Dans les premiers jours, les émissions en ondes courtes durèrent au total 6 heures par jour, étant réparties en trois blocs de deux heures : de 10 à 12, de 17 à 19 et de 20 à 22 heures. A partir du 13 septembre, les émissions furent divisées en émissions européennes (de 20h25 à 22h30 ) et en émissions américaines (de 3 à 5 heures du matin, seulement le mardi et le vendredi) et c'est à cette date que remonte le début de la diffusion des bulletins d'informations.

La speakerine Zdenka Walló Au début, le programme fut composé essentiellement de concerts enregistrés sur le dit Blatnerfon, prédécesseur du magnétophone. C'était un appareil lourd et de grandes dimensions, destiné à l'enregistrement magnétique du son, sur une fine bande d'acier. L'enregistrement de la parole fut donc minoritaire. C'est en direct, que l'on diffusait les interventions verbales. Il s'agissait de la présentation des programmes et des bulletins d'informations (les émissions vers l'Europe : en tchèque/slovaque, allemand, français et anglais, les émissions vers l'Amérique : en tchèque/slovaque, anglais, occasionnellement, en ruthin.) En ce qui concerne la forme verbale, la priorité fut donnée à des conférences, d'abord uniquement en tchèque, moins en anglais. La section des ondes courtes de la Radio tchécoslovaque possédait son siège dans deux bureaux, situés dans une maison adjacente, derrière le bâtiment principal de la Radio tchécoslovaque. Près de huit personnes y travaillaient. Parmi elles, Mme Zdenka Walló, speakerine connue de la Radio tchécoslovaque qui, grâce à ses connaissances des langues, se mit à travailler, aussi, pour les émissions en ondes courtes.

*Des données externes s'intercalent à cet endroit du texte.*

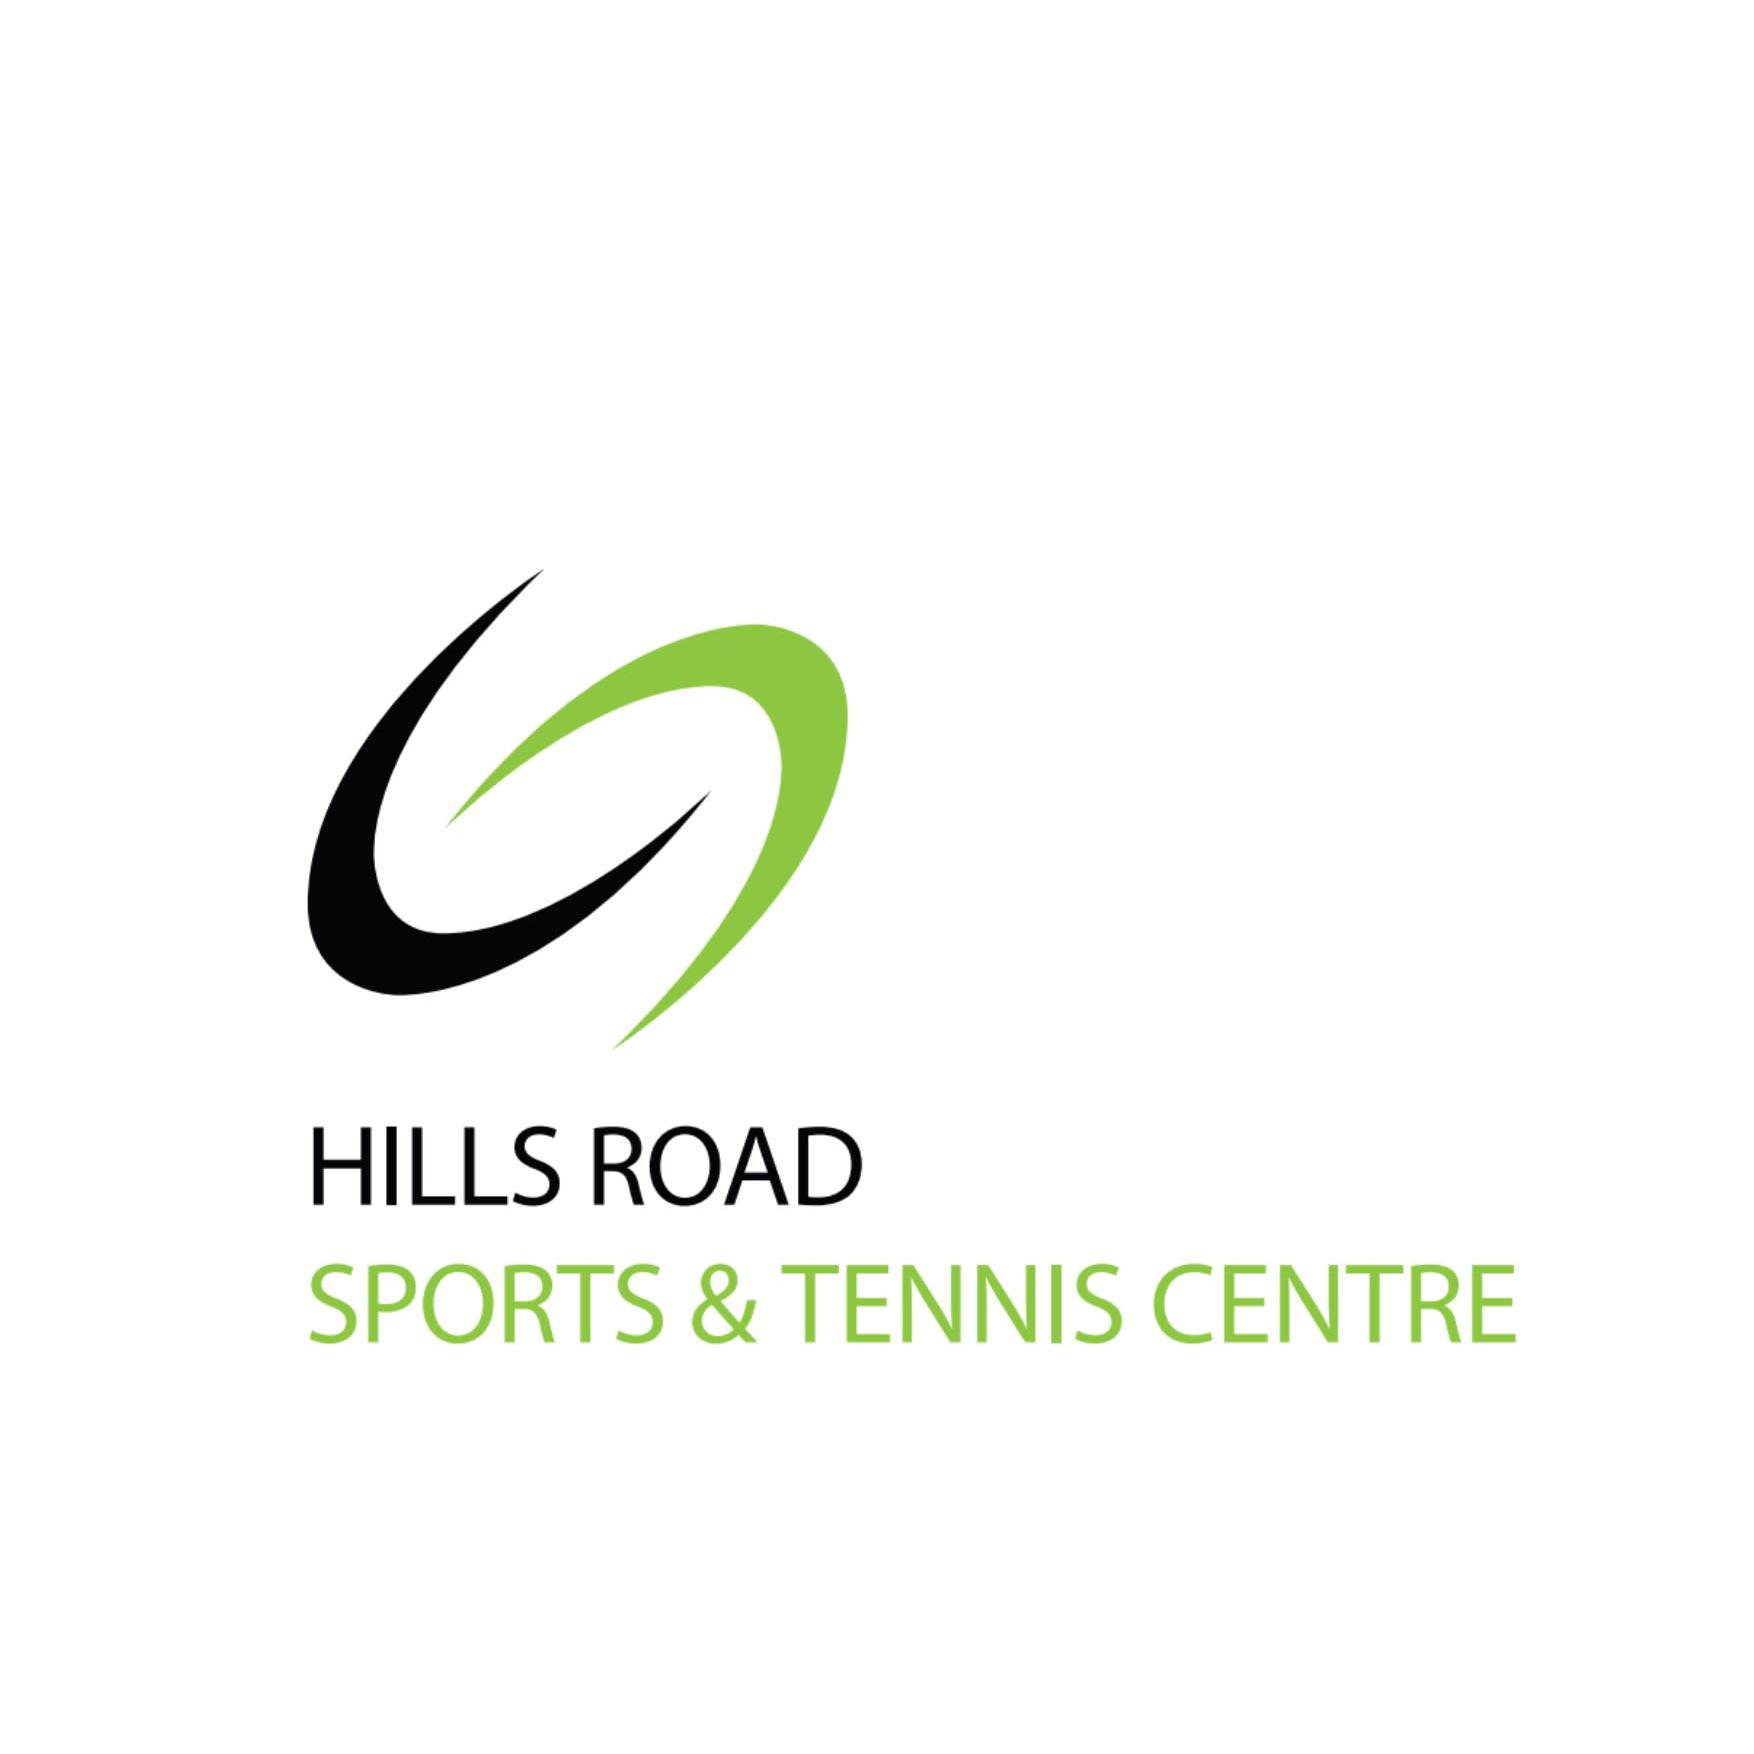 Hills Road Sports & Tennis Centre - Cambridge, Cambridgeshire CB2 8PF - 01223 500009 | ShowMeLocal.com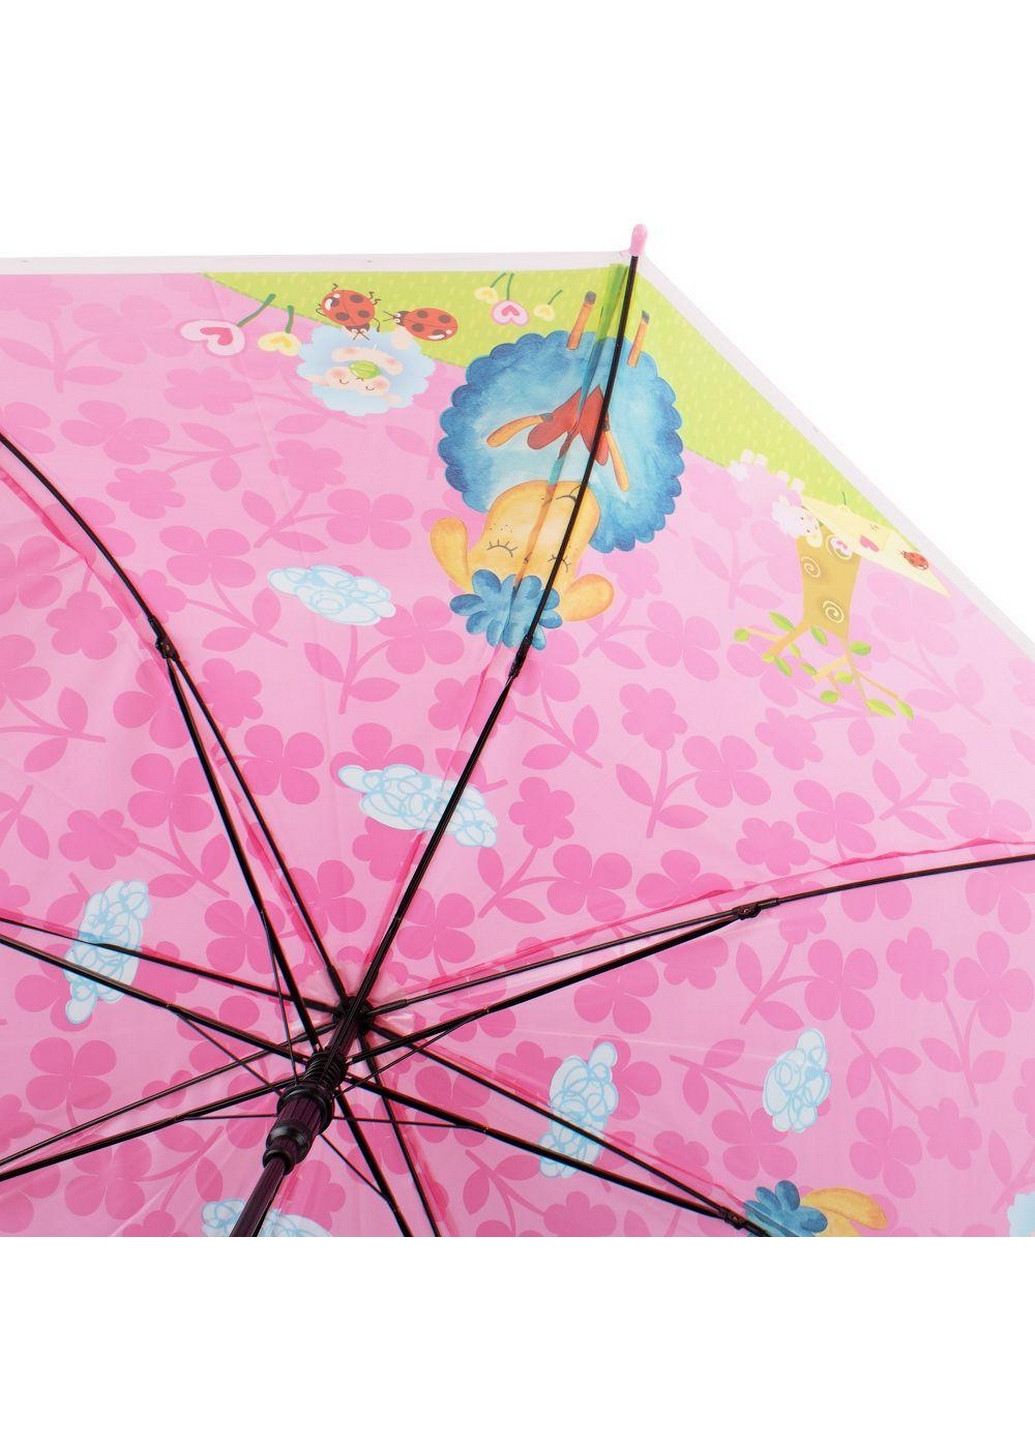 Зонт-трость детский полуавтомат 83 см TORM (260285910)

La speakerine H. Kronská « C'est en 1936, que j'ai commencé à travailler pour la section d'ondes courtes de la Radio tchécoslovaque. Je m'occupais du courrier. Un jour - c'était encore en 1936 - on est venu me proposer de remplacer la speakerine Zdenka Walló qui était tombée malade. Ma première émission s'est bien passée et, depuis celle-ci, jusqu'en 1939, je ne m'occupais plus uniquement du courrier, mais je travaillais aussi comme speakerine. On annonçait en direct ce que les auditeurs allaient écouter, puis c'était le tour d'un bulletin d'informations, suite à quoi je faisais un signe au technicien qui diffusait l'enregistrement concerné, du Blatnerfon. Le tout se répétait, successivement, en d'autres langues : en allemand, en anglais et en français. Nous, les speakers, devions présenter les annonces en toutes les langues ».

Outre les émissions vers l'Europe et l'Amérique, les programmes (de 10 à 12 et de 17 à 19 heures), repris des émissions « du pays » du Radiojournal, étaient diffusés en ondes courtes.

La répercussion des émissions de Radio Prague fut encourageante. C'est dans les premiers jours du mois de septembre, déjà, que des lettres d'auditeurs commencèrent à arriver et, avant la fin de l'année 1936, on en avait reçu 4 443. 267 lettres parvinrent de compatriotes, dont près de la moitié de l'Amérique du nord. Helena Kronská se souvient de ce que toutes les lettres furent soigneusement enregistrées : « Les lettres venaient du monde entier, surtout d'Angleterre et d'Amérique. J'écrivais des réponses et j'avais la charge du fichier de l'ensemble de nos correspondants. J'apportais les relevés au directeur technique de la Radiodiffusion tchécoslovaque, Eduard Svoboda, qui s'intéressait vivement à l'endroit où les émissions étaient captées, et à la manière dont elles étaient reçues ».